The impact of TCEs mining on biodiversity and forests includes loss of biodiversity through direct land clearance and deforestation, with habitat loss, land degradation, and changes in abiotic and biotic conditions.²⁸ Indeed, because TCEs are relatively scarce, their extraction often involves the processing of large amounts of material, sometimes causing environmental damage like the emission of greenhouse gases from burning fossil fuels and large chunks of forest and ore processing.²⁹ In plants, PGEs and REEs might affect germination, root and shoot development and flowering.³⁰ Green mining, infrastructures and best practices in mining processes may reduce the environmental impacts associated with the extraction and processing of TCEs.¹⁴

The Global North and the Global South

Governance of resources should shield the public from the adverse impacts of TCEs changing patterns in the environment. The USEPA recommended the application of environmental management strategies to identify sources, pathways, and fate of contaminants from REE-related industries.⁴ On a global perspective, Oceania generates the higher per inhabitant, followed by Europe, America, Asia and Africa.³¹ Notwithstanding the availability of resources and technologies in e-waste producing countries,³² the e-waste burden is so high that more often than not the solution is the formal or informal dumping of e-waste to countries like, mainly, Ghana, Nigeria, Egypt, Kenya and South Africa.³³ Despite advances in governance and technological solutions, the overwhelming market of technological devices still finds its solution in unjust dynamics between the Global North and South. While socio-economically developed countries increase their safety standards, the maintenance of high consumption rates (without reducing waste and changing habits) in all sectors means the exportation or dumping of hazardous materials or exploitation of intensive activities in countries where prevention is insufficiently structured to protect public health.³⁴

In SSA, the complexity of e-waste management is linked to the insidious nature of the e-waste flow. In fact, the high level of trans-boundary movement of electric and electronic devices into SSA is due to the assumed presence of second-hand electronic equipment in the shipment. In the desire of bridging the ‘digital divide’, more often than not, such bulk of tons of e-waste are dumped from e-waste producing countries in SSA where scavengers and other groups of informal recyclers see e-waste as a source of income and livelihood. In fact, e-waste contains potentially useful and precious fractions that, when not properly managed and separated, are a source of hazardous and persistent toxic cocktails.³⁵

This state-of-the-art review collected and discussed data regarding: (i) TCEs pollution from diverse sources (mining, petroleum, e-waste, road traffic, pharmaceutics) in SSA; (ii) TCEs level and impact in environmental compartments, living organisms and food-chain in SSA; (iii) their association with human health effects and diseases; (iv) prevention and remediation strategies (eg, circular economy, environmental bioremediation, education programmes, etc.) that can minimize TCEs exposure; (v) workable approaches and solutions in SSA.

Our goal is to identify workable approaches and solutions for urgent risk management (Figure 1).

Figure 1.

The diverse sources of TCEs environmental pollution in sub-Saharan Africa; the impact of TCE on environmental and human health; possible approaches and solutions to manage the technology-related challenges in SSA.

Environment

Contamination of the environment by TCEs is one of the most serious problems in the world (Figure 2).
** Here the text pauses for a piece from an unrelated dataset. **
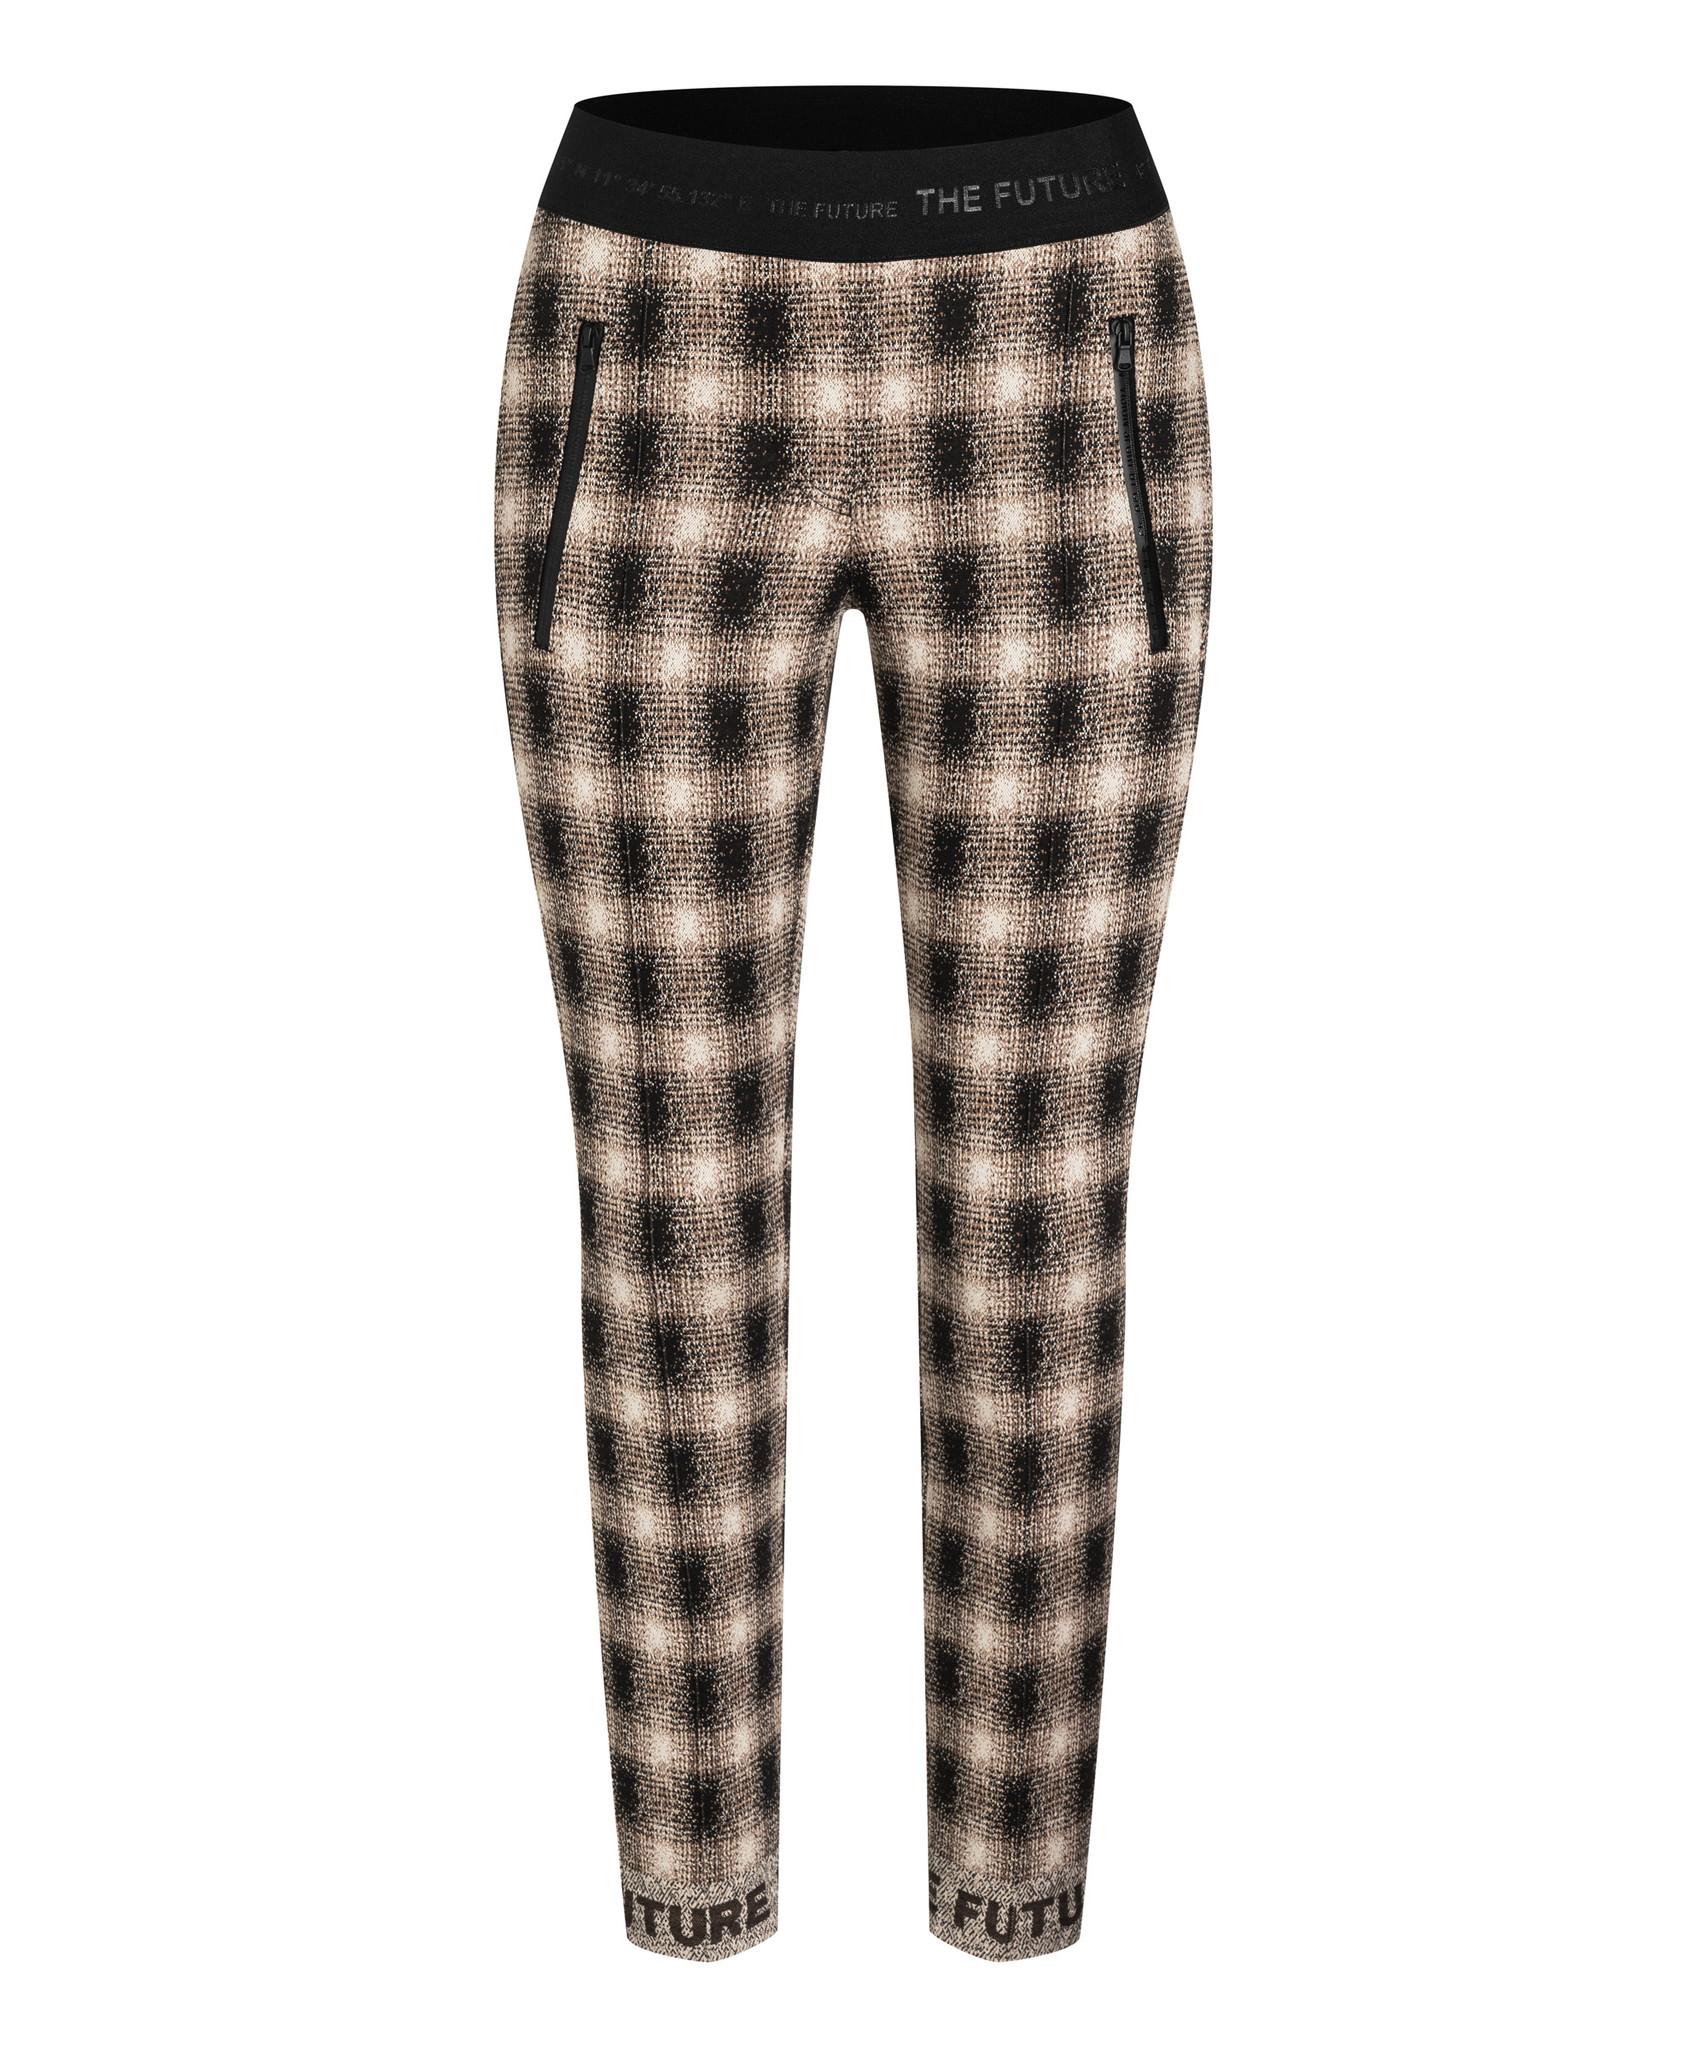 Cambio trousers RANEE 6717-1

In the past decade, several metals and metalloids have been accumulated in SSA landscapes, making the African environment a hotspot of environmental pollution at levels exceeding international limits.³⁶ Important sources of TCEs coexist and include uncontrolled waste disposal such as open burning of domestic and industrial waste, wood, paper products, plastics, discarded tyres, battery casings, agricultural wastes, etc, but also dumped e-waste.^37,38 The use of wood fuel for cooking, leaded gasoline, illegal crude oil refining, industrial and artisanal mining activities equipped with limited or absent pollution control increases exposure to pollutants.^36,39 Poor city planning (characterized by the absence of clear demarcation between industrial and residential areas), improper disposal of drugs, lack or absence of environmental legislation and attendant non-implementing policies are recurring features that aggravate the environmental and public health problems in SSA.³⁶ An overview of research studies on the occurrence and quantification of TCEs in Africa from these pollution sources is reported in Table 1.

Figure 2.

A One Health snapshot of TCEs fate.

Table 1.

Literature data on contamination and bioaccumulation of technology-critical elements (TCEs) in Africa.

Living organisms

The TCE mining activities, such as cutting, drilling, blasting, transportation, stockpiling and processing, can release dust containing TCEs, with consequent negative effects on wildlife (Figure 2).³⁷ Mining activities may lead to the formation of acid mine drainage, and this acidification can kill marine and freshwater organisms, disturb aquatic biodiversity and harm ecosystems.⁸⁶ Several REEs have been reported in rivers and the sea, indicating that living organisms are already impacted by the geochemical cycle of these elements.⁸⁷

Significant levels of PGEs were reported in liver of dolphins (Stenella sp.), a fish popularly consumed in Ghana, ranging from 0.239 to 0.946 µg/g, from 0.040 to 0.481 µg/g, and from 0.011 to 0.037 µg/g for Pt, Pd and Rh.⁸⁸ Bioaccumulation of PGEs was also shown in tissues of the Manta ray fish (Manta birostris) with levels ranging 0.15 to 0.85, 0.033 to 0.67, and 0.007 to 0.145 µg/g of Pt, Pd and Rh.⁸⁹ Dolphins and manta fishes are on the top of the food chain, live relatively long, and may tend to accumulate higher PGE concentrations than other marine organisms. Indeed, lower PGEs concentrations were recorded in oysters, that is, Pd at level of 0.161 µg/g, followed by Pt at 0.113 µg/g and Rh 0.009 µg/g in fish from Pra Estuary in Ghana.⁹⁰ In agreement, the concentrations of PGEs were 0.004 to 0.083 µg/g of Pt, 0.007 to 0.172 µg/g of Pd and 0.001 to 0.057 µg/g of Rh, and the highest levels were accumulated by crabs and molluscs, followed by mudfish and prawn.⁹¹ The transplanted clams in dams of the Hex River contained higher As, Cd, Co, Cr and Zn concentrations, whereas Pt data were all below the detection limit of 0.0009 mg/kg.⁹² In crab samples (P. warren) collected in the Northwest Province of South Africa, the Pb, Cd, Pt, Pd and Rh concentrations indicated that mining activities affected the uptake of metals in the analysed crab samples, whereas the presence of Ni and Cu may be attributed to general anthropogenic contamination, but not to mining.⁴⁸ It was found a significant concentration-response relationship between the Pt concentrations in aqueous eluates from sediment and soil samples of the mining area and the reproduction inhibition of C. elegans.⁴⁷ According to Schertzinger et al,⁹³ Pd is at around five times more toxic than Pt to C. elegans in terms of reproduction.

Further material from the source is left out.